They just want to have a chance of a good life with same opportunities as
anyone else while minimizing any significant, rather than made-up, abuses. So,
they focus on issues most likely to harm or help them instead of gender
politics as usual.

Thing that jumped out at me was that the writer implied women were stupid for
thinking voting for Hillary was voting for "the Establishment." Hillary
allegedly started in Watergate, tried to strip Constitutional protections in
various ways, supported the torture program, supports dragnet spying, and
recently (with Trump) mocked the concept of free speech. Most of her actions,
like other tyrants, remove power from the voter and consolidate it in the
federal government. So, yes, she's very Establishment and in pretty bad ways.
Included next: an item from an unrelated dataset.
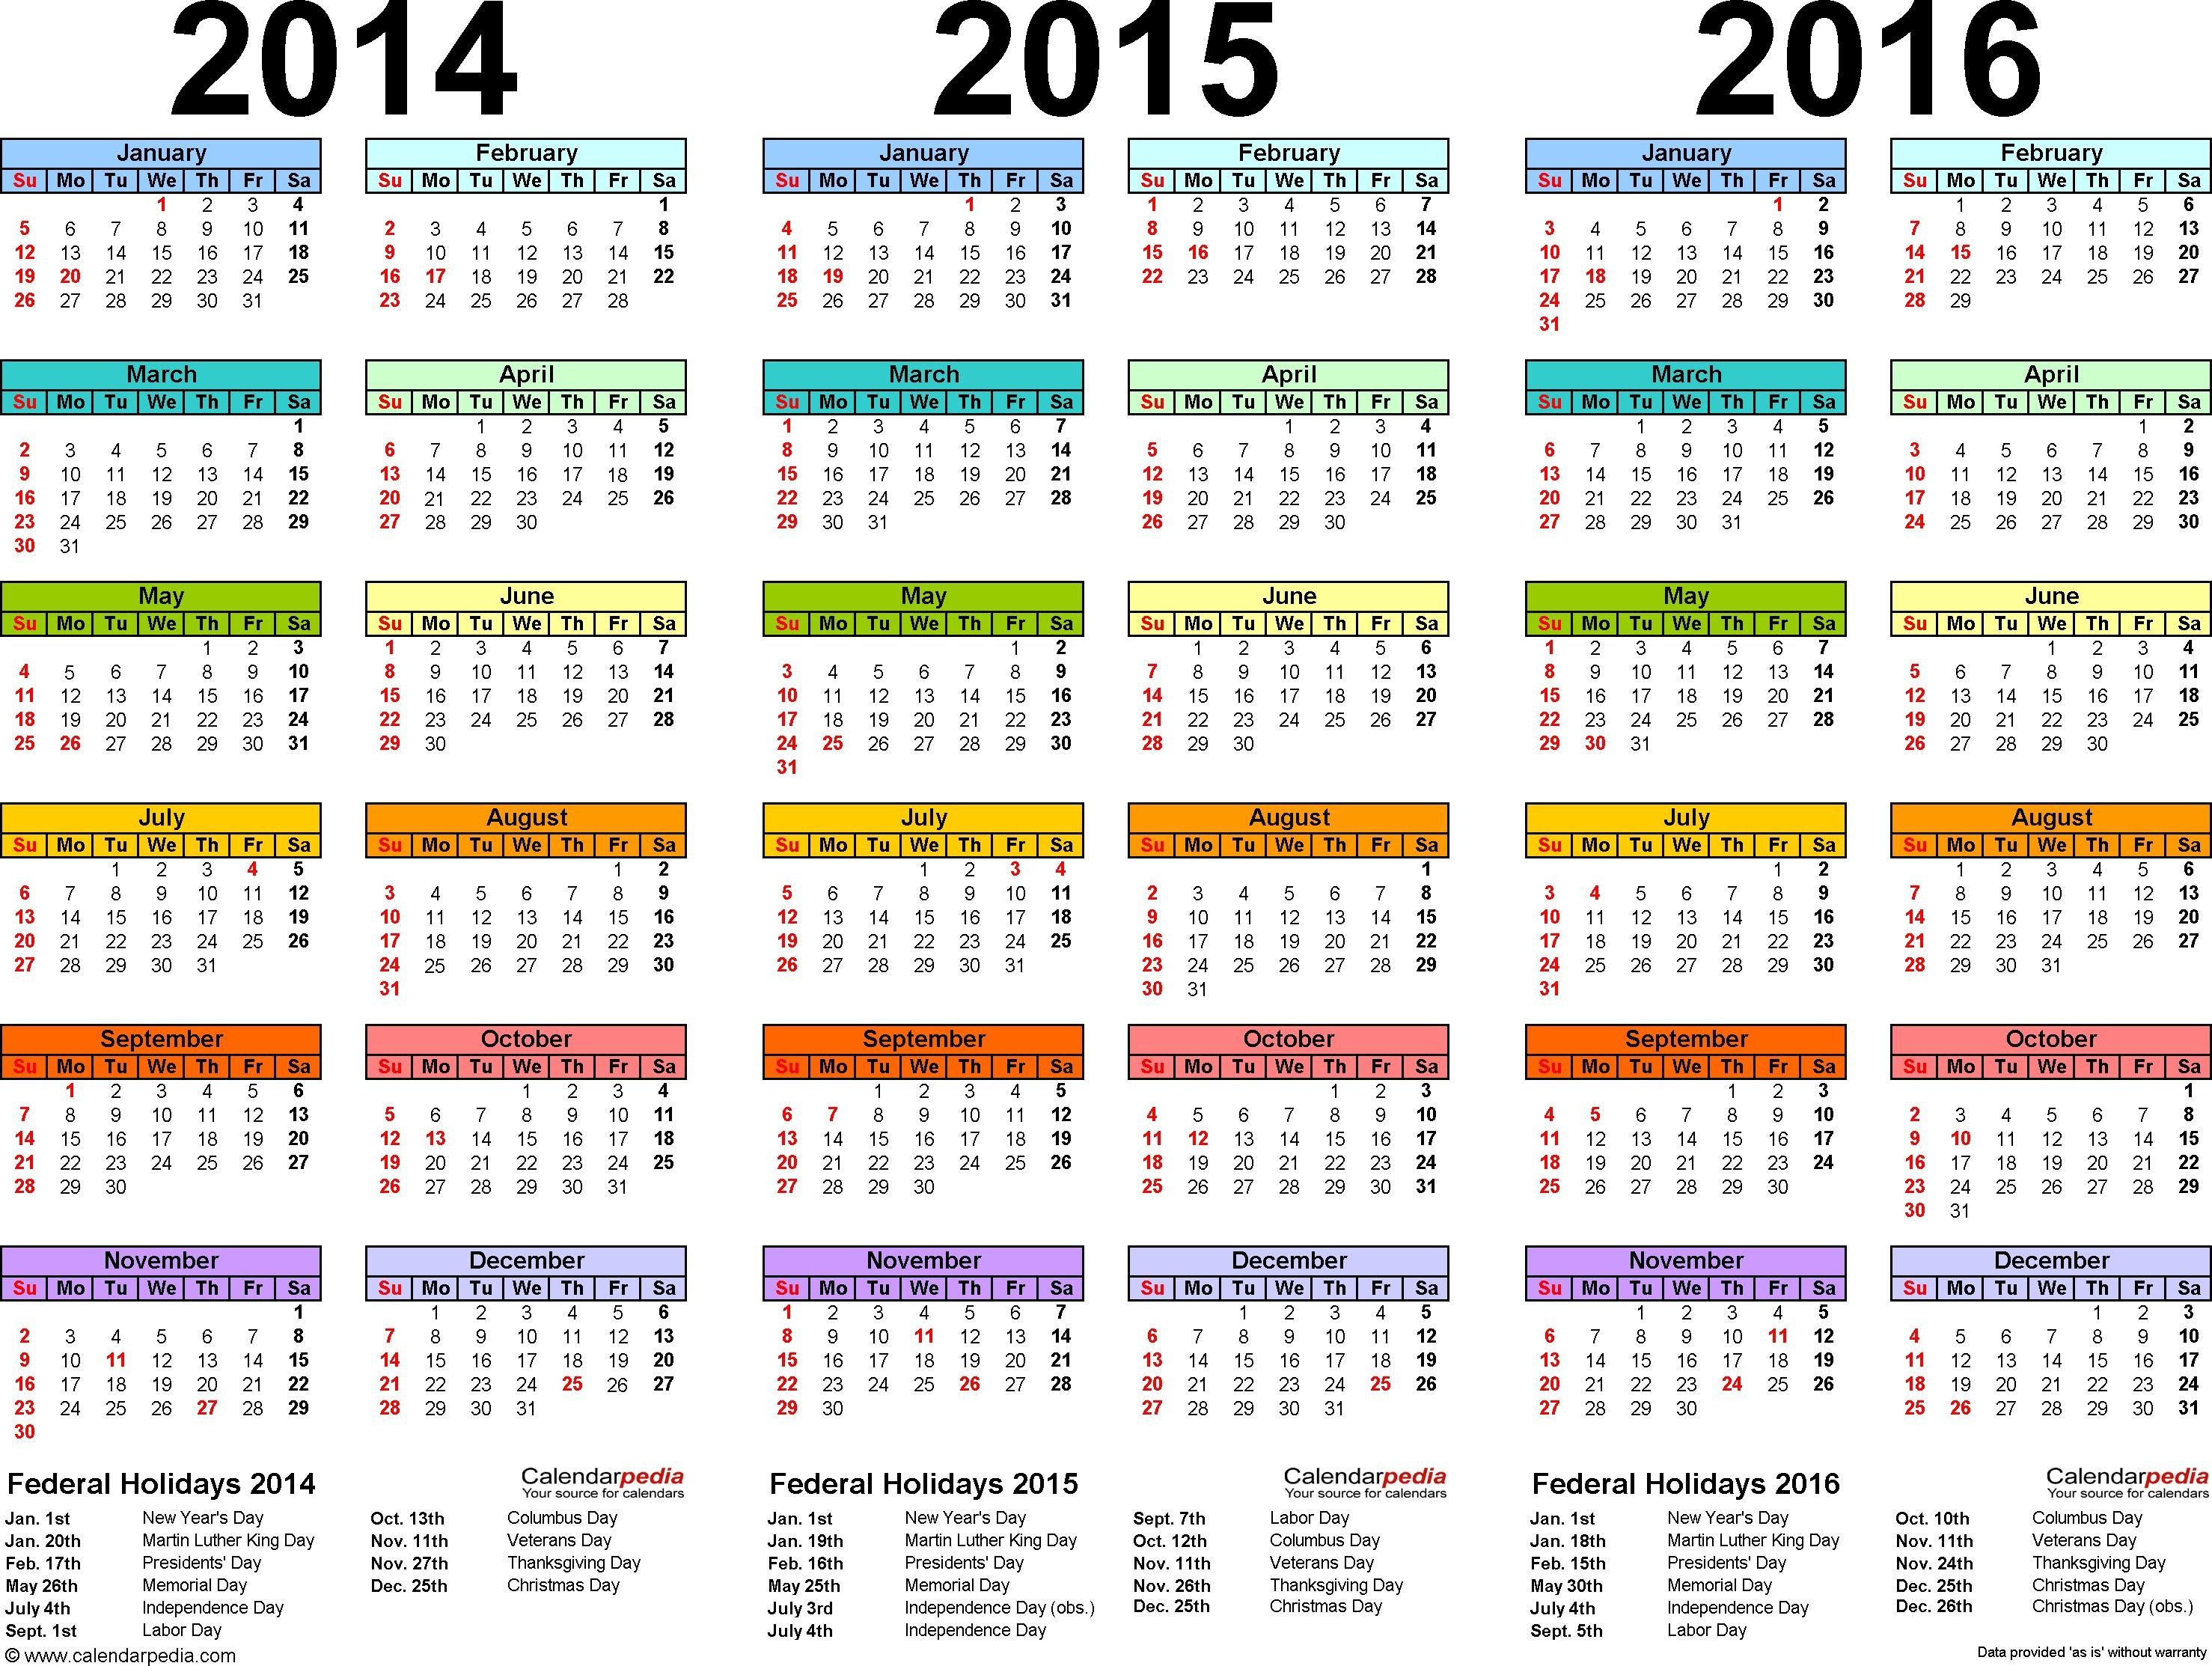 March Calendar Canada Más Recientes Calendar Walmart Canada March 2106 Calendar Ukranochi Of March Calendar Canada Más Arriba-a-fecha Kalender Ausdrucken 2015 Schön Printable 0d Calendars Kalender

Good to see a lot of women are noticing that. Maybe they'll vote better women
into office or end up being one themselves.

------
michaelbuddy
That's because a lot of women actually like men, The majority do. And the
majority of men and women in western countries respect each other. And they
don't see the premise invented by modern feminists. A premise that sadly PBS
is also trying to push as well on their various cool hip properties. The
conspiracy of the patriarchy just doesn't hold up.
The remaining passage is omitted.